Когда к 50-летию МХАТа в октябре 1948 года шли репетиции «Царя Федора», так как спектакль полтора года не шел, то стали обновляться и народные сцены. Меня заняли в трех картинах:
«Примирение» (2-я картина) — выходил в Шуйских, про которых Клешнин говорит: «Ишь, как идут! И шеи-то не гнутся!»;
«Сад Шуйских» (3-я картина) — выходил в гостях Шуйских;
«Перед Архангельским собором» (8-я, финальная картина) — стоял всю картину в рындах.
Для меня теперь каждый спектакль «Царя Федора» стал особенной радостью — ведь я находился на сцене рядом с моим кумиром Б. Г. Добронравовым и видел близко-близко, как он играет царя Федора. Особенно мне запомнился последний — трагический спектакль…
Он неровно играл эту роль. У него вообще не было одинаково сыгранных спектаклей. Но он был истинный ученик К.С. Станиславского и его завет о «сквозном действии» и «сверхзадаче» свято выполнял. И всегда «шел от себя», поэтому в зависимости от настроения и самочувствия у него менялись краски и приспособления, и эти постоянные импровизации делали его исполнение живым и органичным.
Вероятно, «сквозное действие» Федора в спектаклях МХАТа было у всех исполнителей этой роли одно: «всех согласить, все сгладить» — иначе «что с землею будет?!» Но играли эту роль, конечно, каждый по-своему, и у каждого была своя «сверхзадача».
Царь Федор Добронравова был высок и строен и скорее похож на старшего сына Ивана Грозного, на репинского Ивана — бледное, нервное лицо с громадными глазами. Он стремительно вбегал на сцену со словами: «Стремянный! Отчего конь подо мной вздыбился?» И сразу какая-то волна тревоги и недоброго предчувствия проносилась по залу… Но это лишь одно мгновение — Федор быстро успокаивается, и мы видим, что он добрый и даже не по-царски общительный и простой человек. Он с радостью готовится примирить давнишних врагов — правителя царства Бориса Годунова и верховного воеводу князя Ивана Петровича Шуйского. И не может скрыть своего счастья, когда это примирение наконец состоялось. В умилении сжимая руки на груди, он восклицает: «…это в целой жизни мой лучший день!..» Но его поспешный уход в конце первого действия кажется каким-то странным — когда его окружили ползающие на коленях выборные люди, а он мягким, нерешительным жестом защищается от них и быстро исчезает в низкой нише двери… И дальше эта странность, это предчувствие беды становится все тревожнее…

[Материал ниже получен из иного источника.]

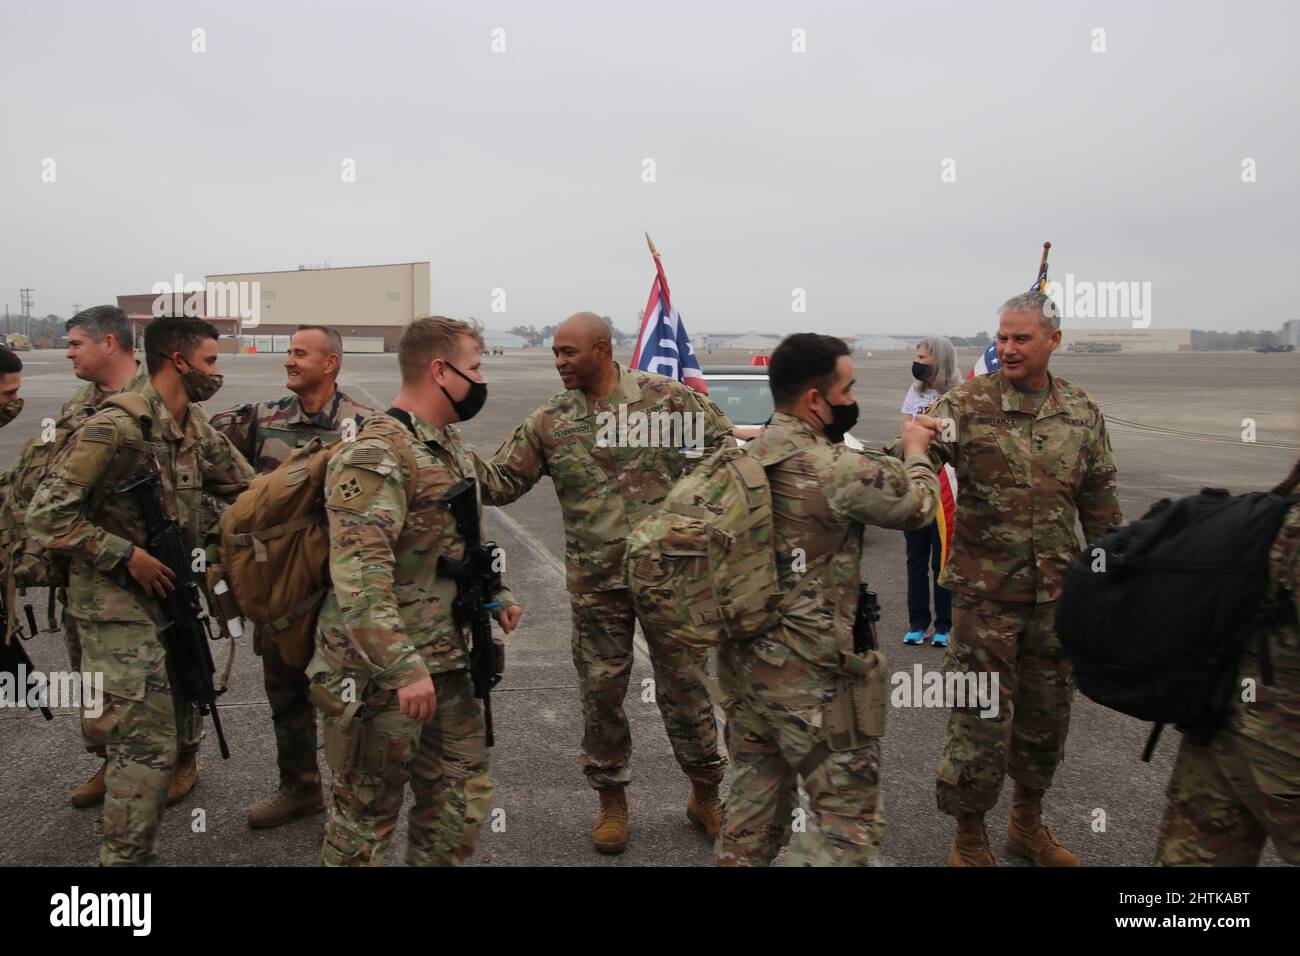 Savannah, United States. 27th Feb, 2022. U.S. Army soldiers, assigned to the 1st Armored Brigade Combat Team, 3rd Infantry Division, are fist bumped by commanding officers as they board a civilian aircraft for deployment to NATO countries from Hunter Army Airfield, February 27, 2022 in Savannah, Georgia. The soldiers are deploying to Eastern Europe in support of NATO allies and deter Russian aggression toward Ukraine. Credit: Capt. John D. Howard Jr/U.S Army/Alamy Live News Stock Photo

Во второй картине, в сцене «Примирение», когда он близко подошел к Шуйским, я заметил, как у него на лбу из-под парика выступили капельки пота… Он всегда эту роль играл с полной отдачей и со всем темпераментом, какой у него был, не жалея своего сердца. А с этим спектаклем у него была связана вся жизнь. Когда-то, много лет назад, молодой актер Борис Добронравов выходил в народной сцене, играл стремянного, стоял в рындах, потом сыграл Голубя-сына, потом Красильникова, потом Клешнина и мечтал о царе Федоре… Ведь с этим же спектаклем была связана и вся история Художественного театра, так же как с пьесами Чехова и Горького. Все гастроли по стране и за рубежом начинались всегда «Царем Федором». В этот вечер спектакль шел уже в 920-й раз.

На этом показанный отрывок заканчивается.